* REQUIREMENT
When you reach the line with "Lehrer Hilft Studentin" in the records below, begin transcribing exactly and continue up to and including the line with "Elephone-W2-Watch-AH-NS-13", leaving out every picture.

* DATA FOR THIS TASK
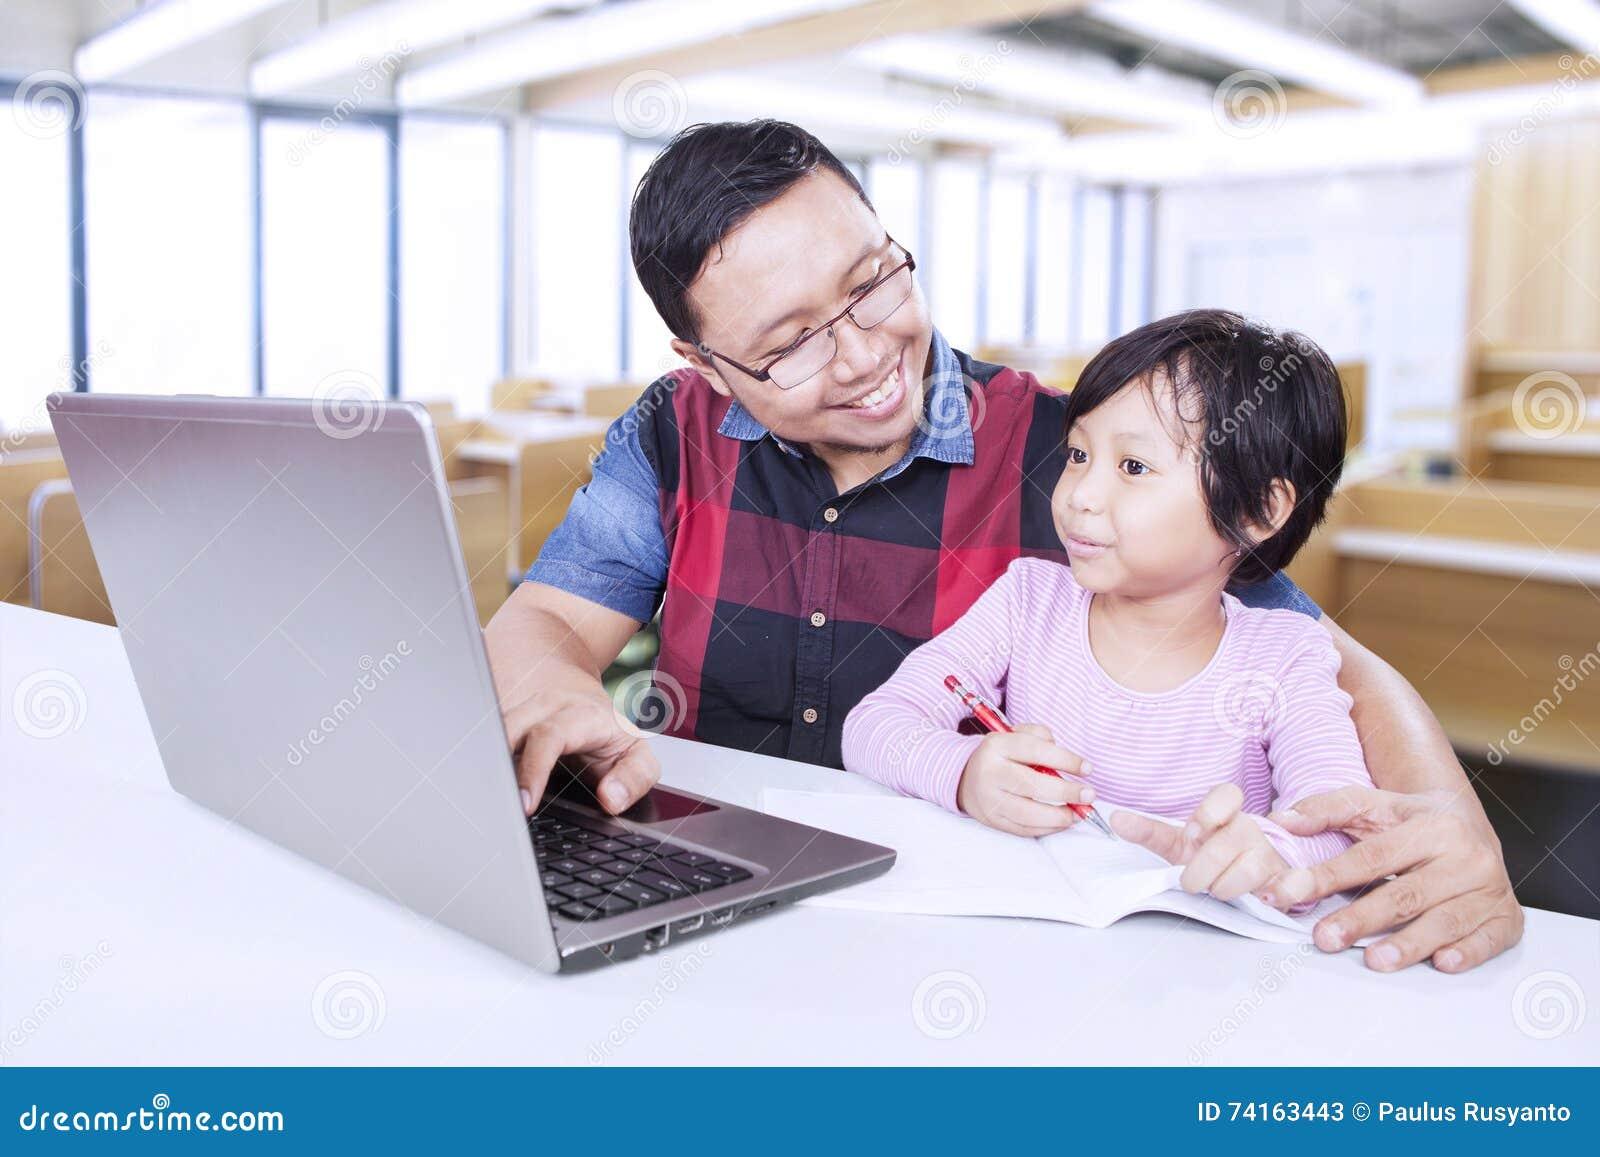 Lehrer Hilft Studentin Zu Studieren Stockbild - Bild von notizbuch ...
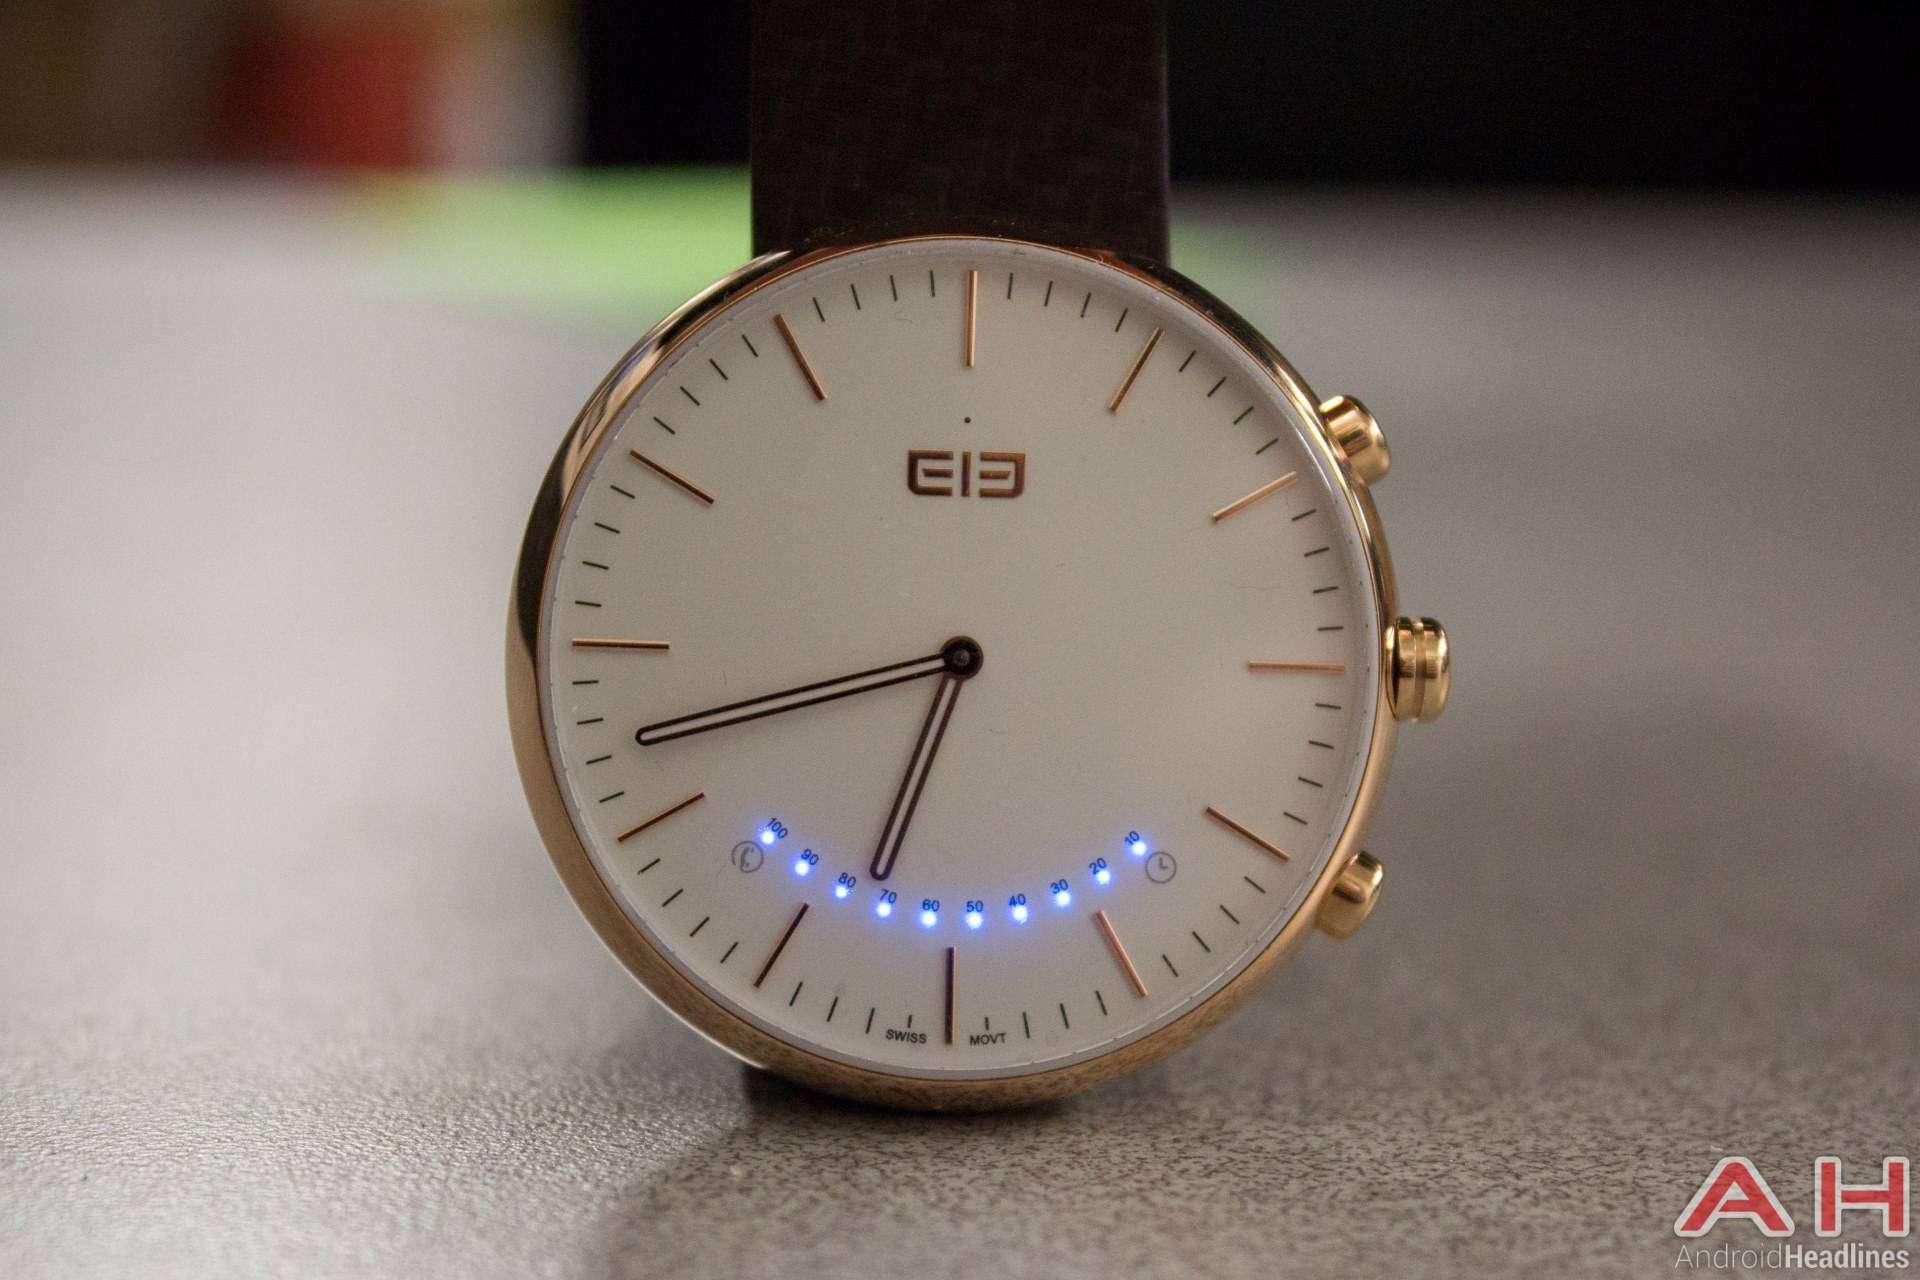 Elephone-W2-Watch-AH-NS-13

* * *

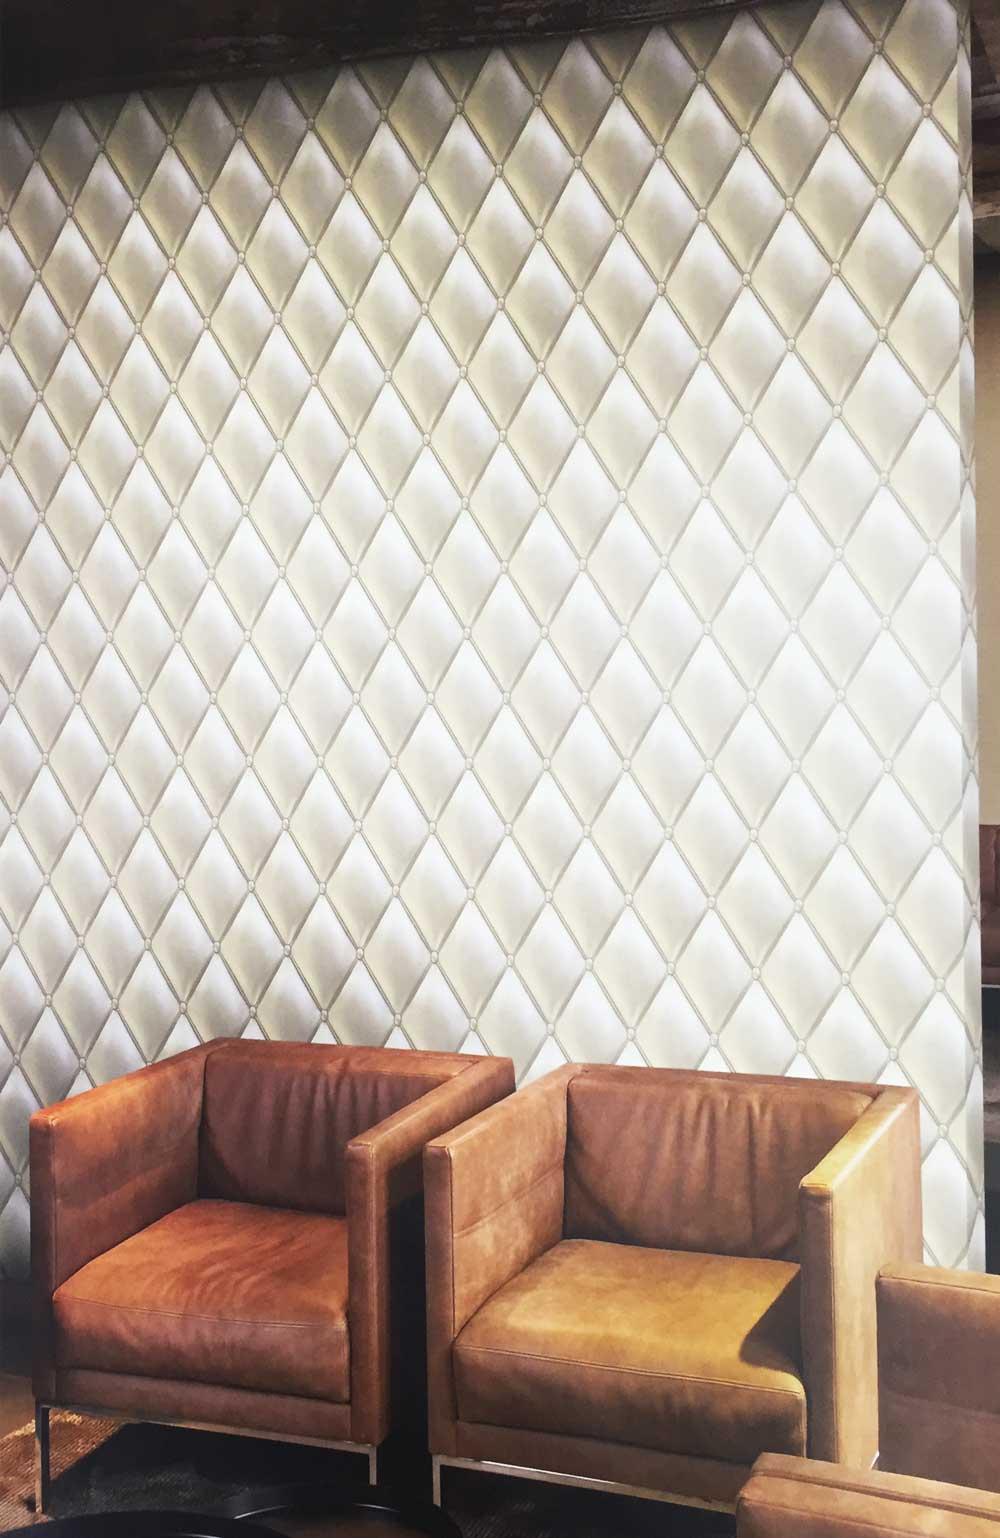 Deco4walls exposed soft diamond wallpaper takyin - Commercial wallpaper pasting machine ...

* RESULT
 Lehrer Hilft Studentin Zu Studieren Stockbild - Bild von notizbuch ...
 Elephone-W2-Watch-AH-NS-13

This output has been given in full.